■ **MATERIAL PROVIDED**:

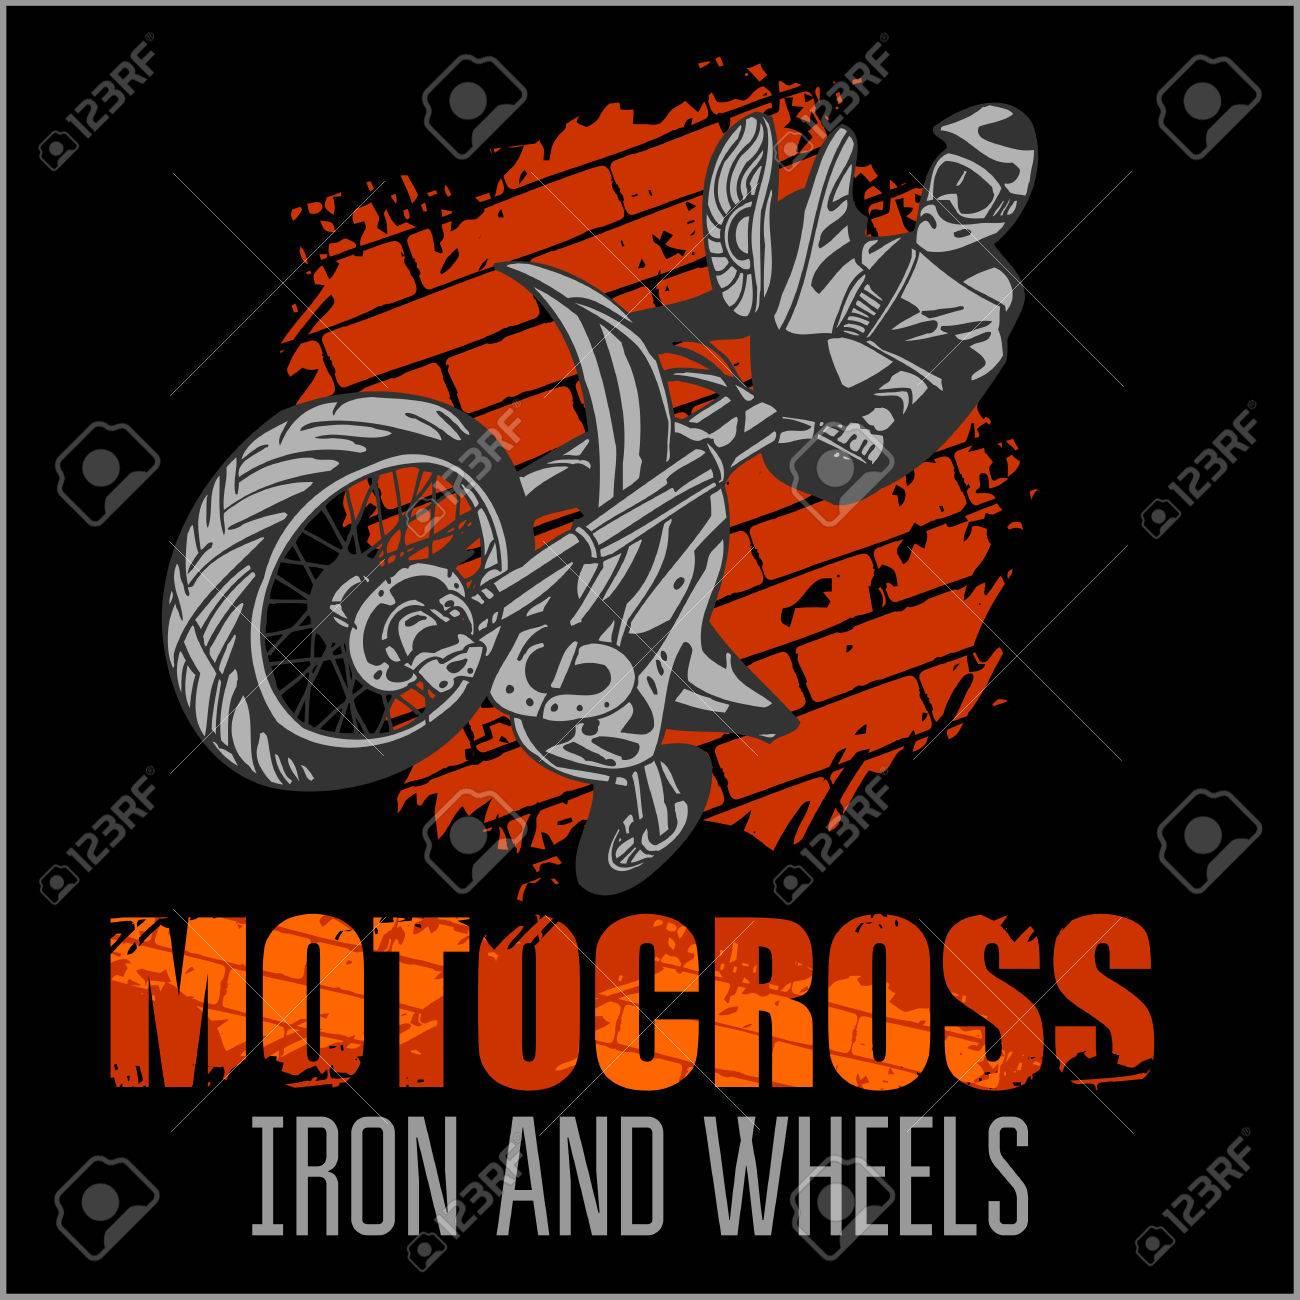 Design t shirt motocross - Motocross Sport Grunge Vector Emblem For T Shirts Stock Vector 38647004
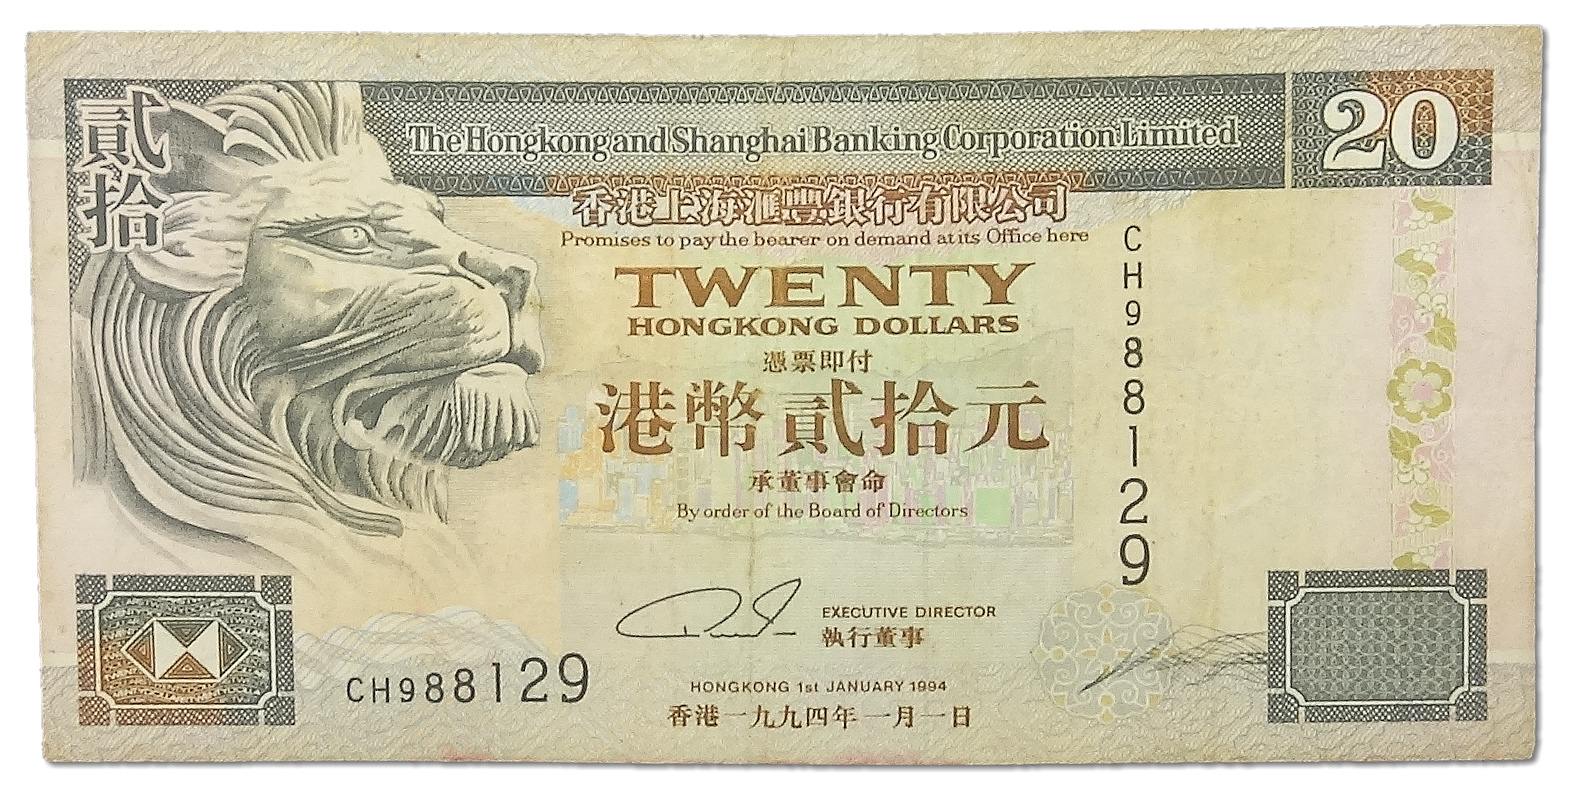 34.Hong Kong, 20 Dolarów 1994, P.201.a, St.3+
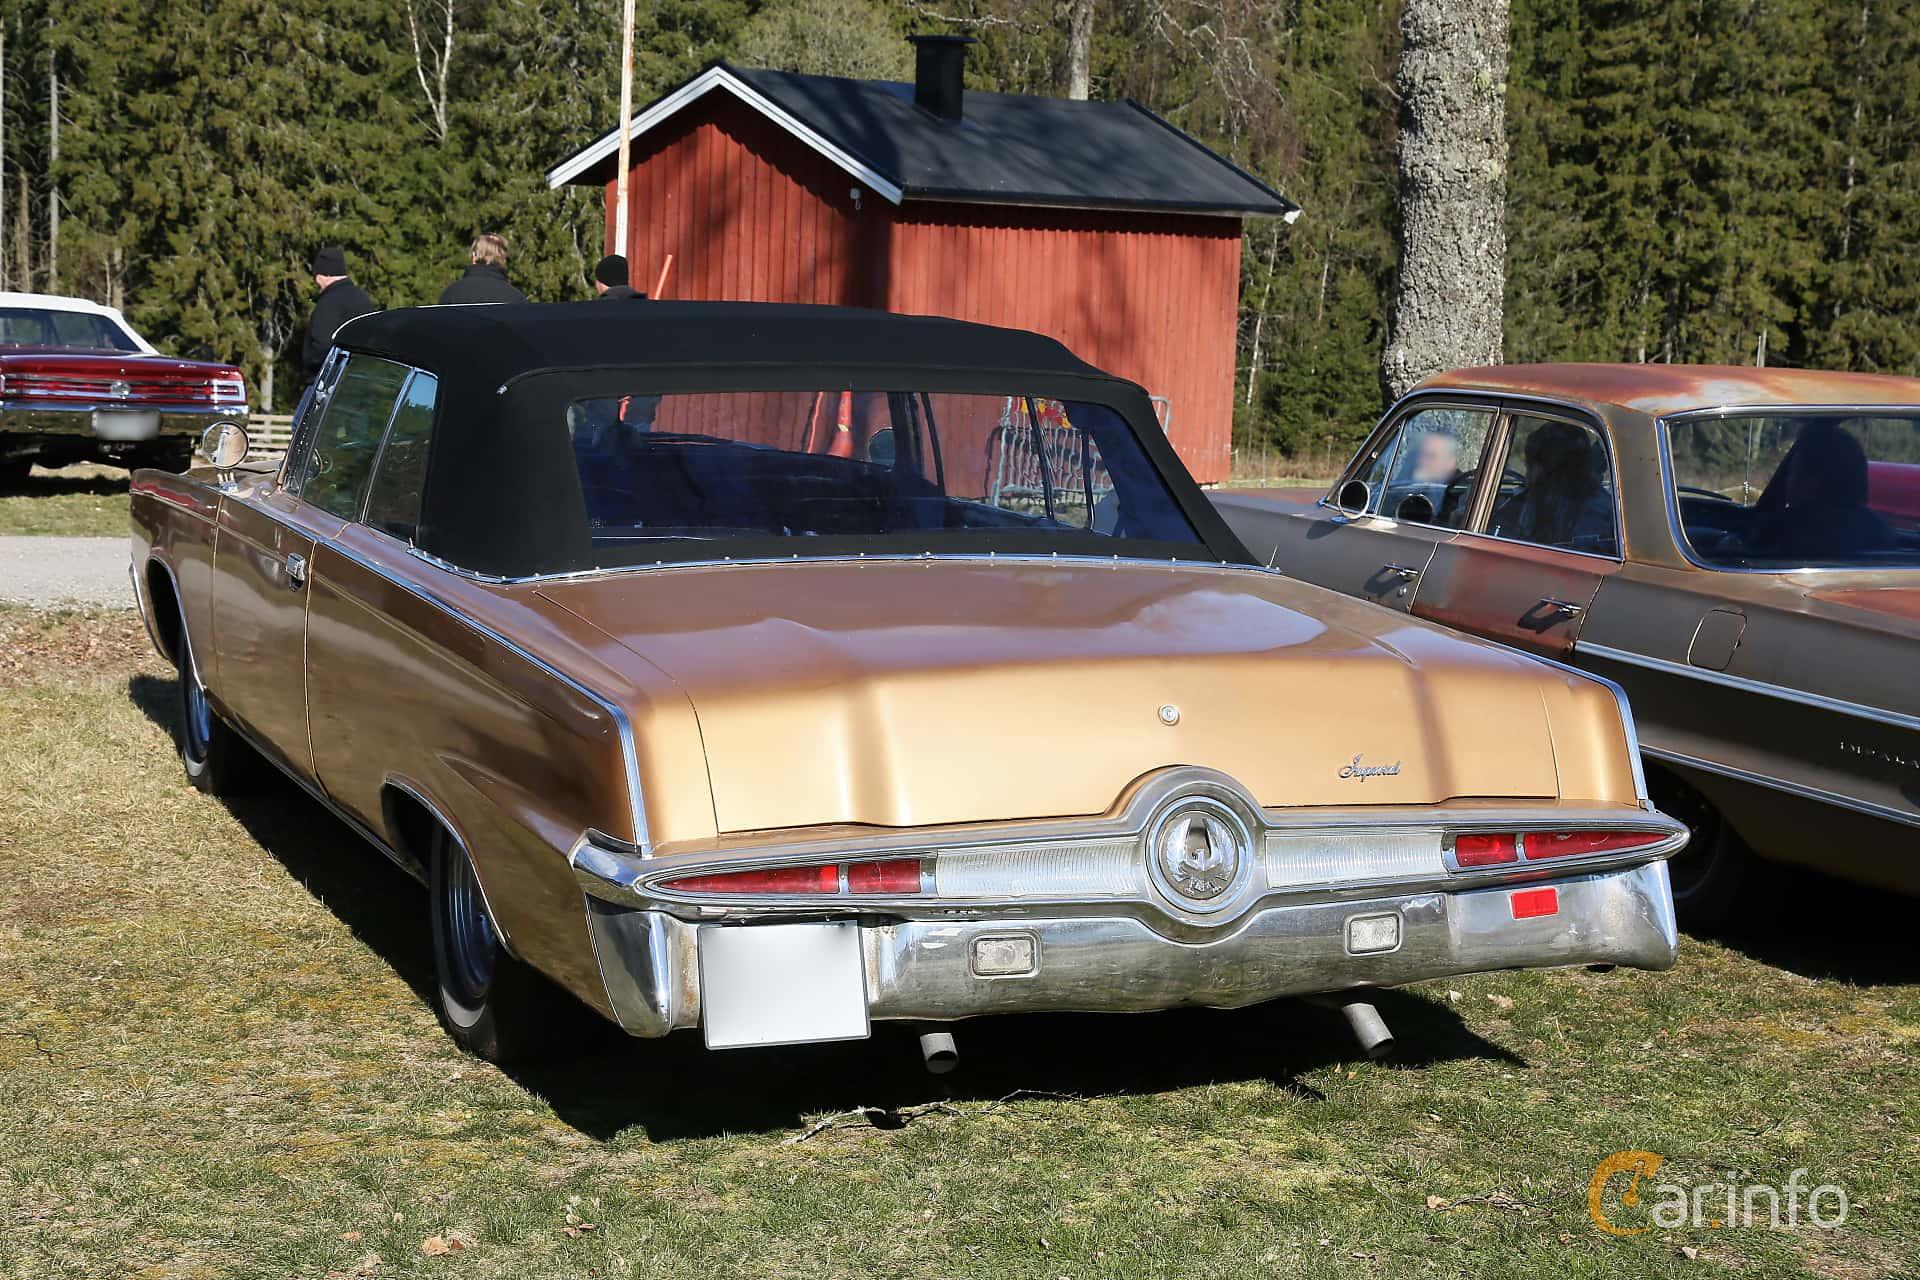 Imperial Crown Convertible 7.2 V8 TorqueFlite, 355hp, 1966 at Uddevalla Veteranbilsmarknad Backamo, Ljungsk 2019
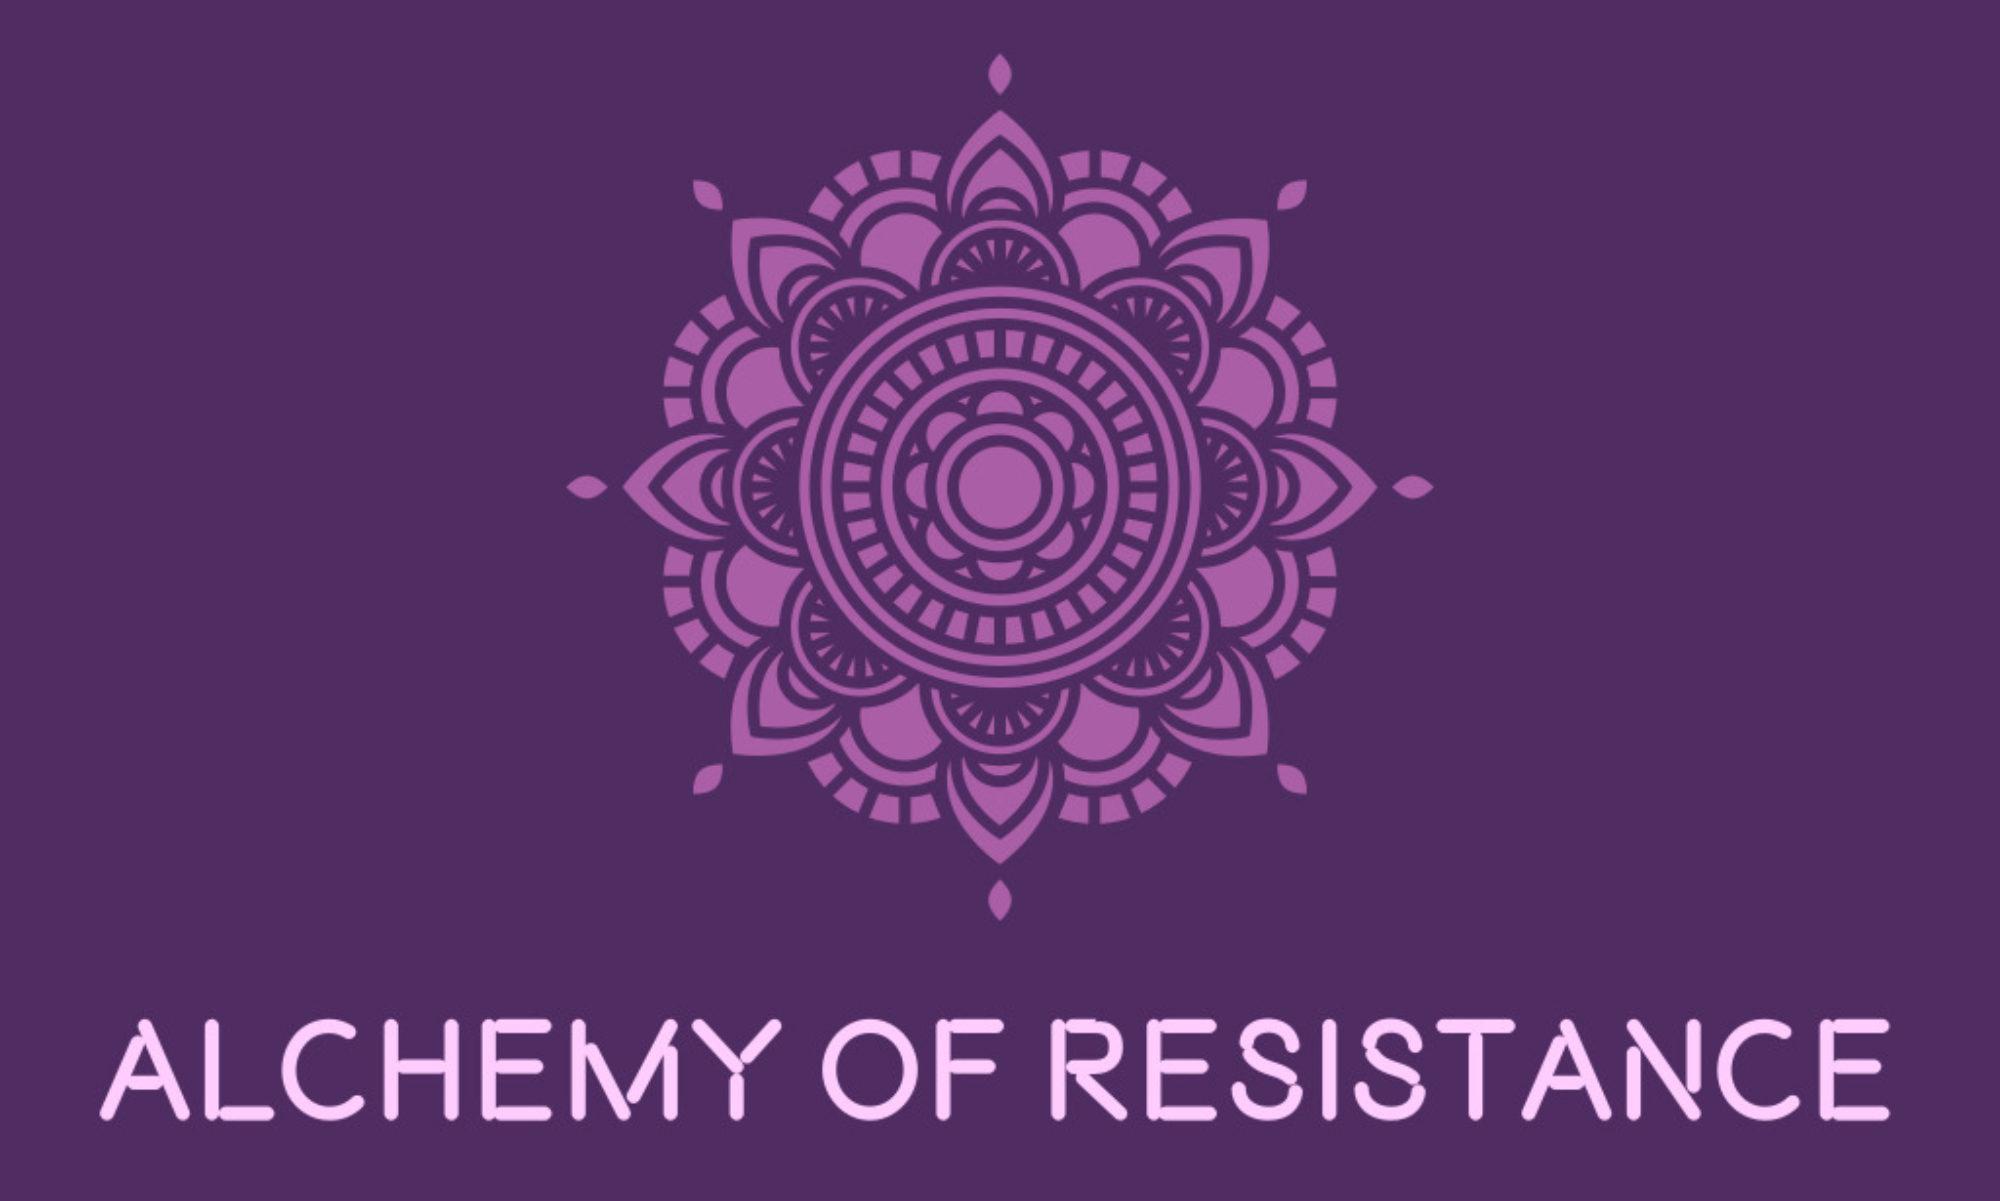 Alchemy of Resistance

■ **ASSIGNMENT**: What you return should be the whole listing, word for word, without its pictures.

■ **EXERCISE SOLUTION**:
 Design t shirt motocross - Motocross Sport Grunge Vector Emblem For T Shirts Stock Vector 38647004
 34.Hong Kong, 20 Dolarów 1994, P.201.a, St.3+
 Imperial Crown Convertible 7.2 V8 TorqueFlite, 355hp, 1966 at Uddevalla Veteranbilsmarknad Backamo, Ljungsk 2019
 Alchemy of Resistance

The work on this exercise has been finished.